There is an increasing evidence that platelet count and NLR can be used for prognostication in patients with several types of cancer [11], [12]. Recently, Ishizuka et al. [13] showed that COP-NLR is considered to be a useful predictor of postoperative survival in patients with colorectal cancer. They showed that COP-NLR is easy to measure routinely because of its low cost and convenience [13]. Therefore, we conducted a study to determine whether COP-NLR is useful for predicting long-term survival in patients with ESCC. In our study, we demonstrated that COP-NLR (P = .003) was significantly associated with CSS. Moreover, our study showed a similar HR between COP-NLR and GPS. In addition, the AIC and BIC values were similar between COP-NLR and GPS, indicating that COP-NLR predicts survival in ESCC similar to GPS.
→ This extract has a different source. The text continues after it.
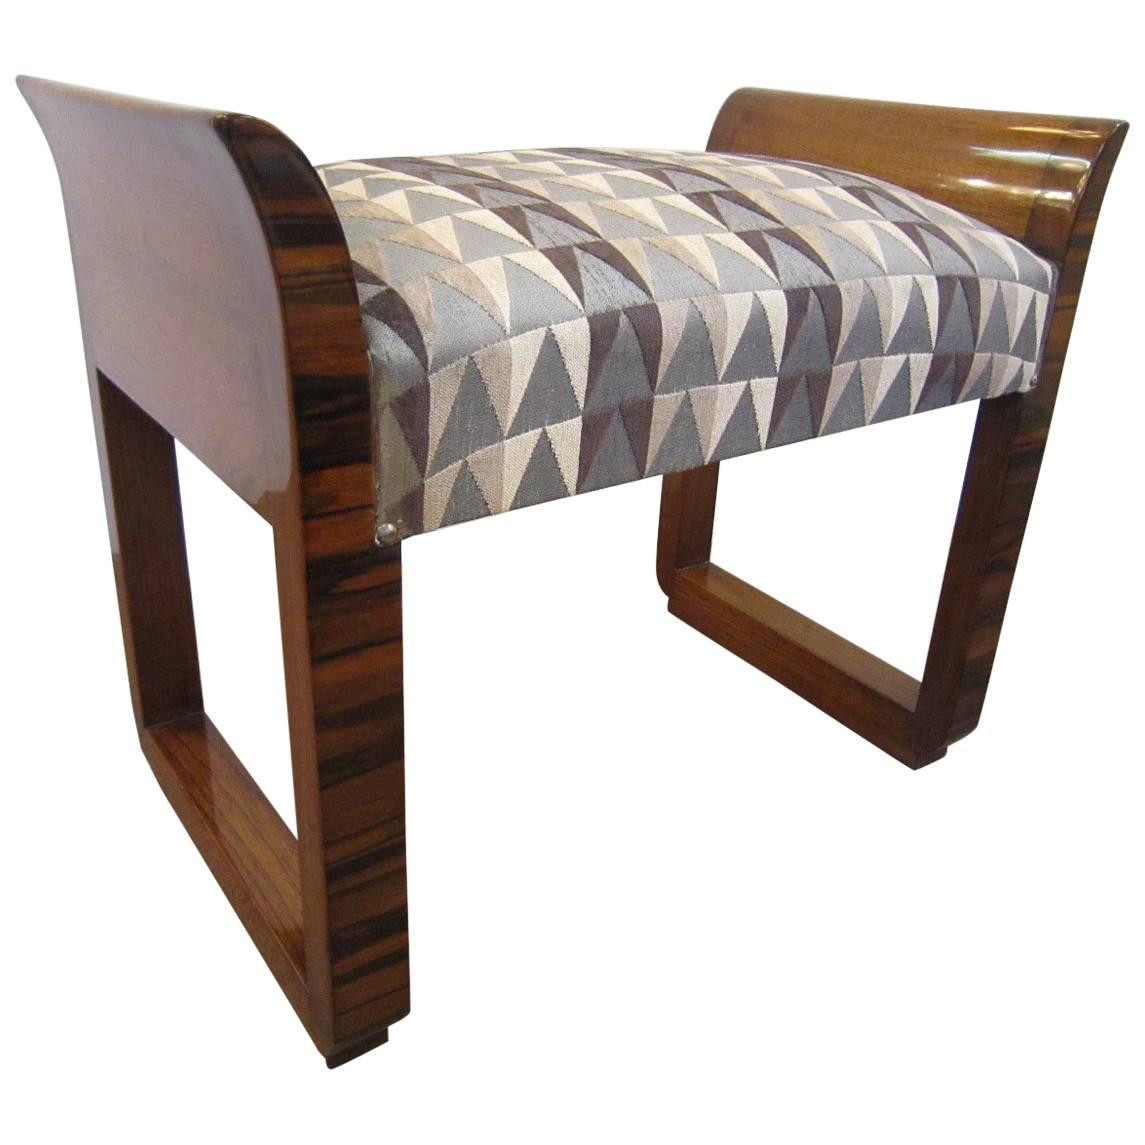 Fabulous Modernist Cubist Design, Macassar Ebony Upholstered Bench
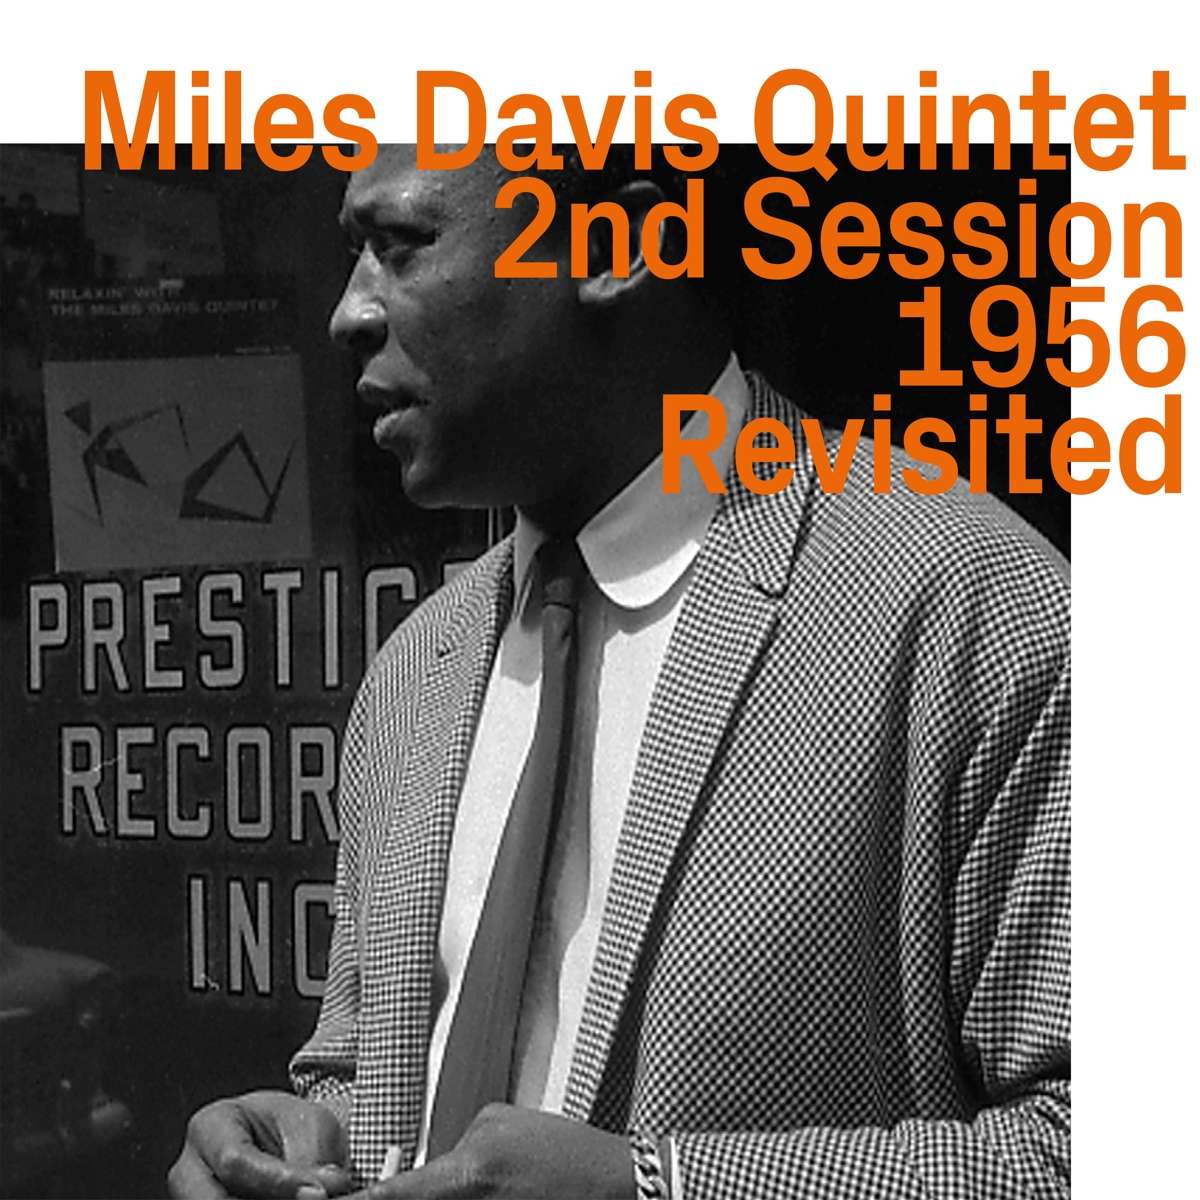 Miles Davis Quintet, 2nd Session 1956 Revisited

The potential limitations of the present study include the use of a retrospective analysis and the short duration of the mean follow-up duration. In addition, we excluded patients who had adjuvant chemotherapy and/or radiotherapy, which may have influenced our analysis. Furthermore, AIC and BIC values were not correct if follow-up differed between patients, and the results of the study should therefore be regarded with caution. Thus, larger prospective studies will need to be performed to confirm these preliminary results.

Conclusion

In summary, our study showed that both GPS and COP-NLR are associated with tumor progression and can be considered as independent markers in patients with ESCC. We conclude that COP-NLR predicts survival in ESCC similar to GPS. However, larger prospective studies will need to be performed to confirm these preliminary results.

Competing Interests

The authors declare that they have no competing interests.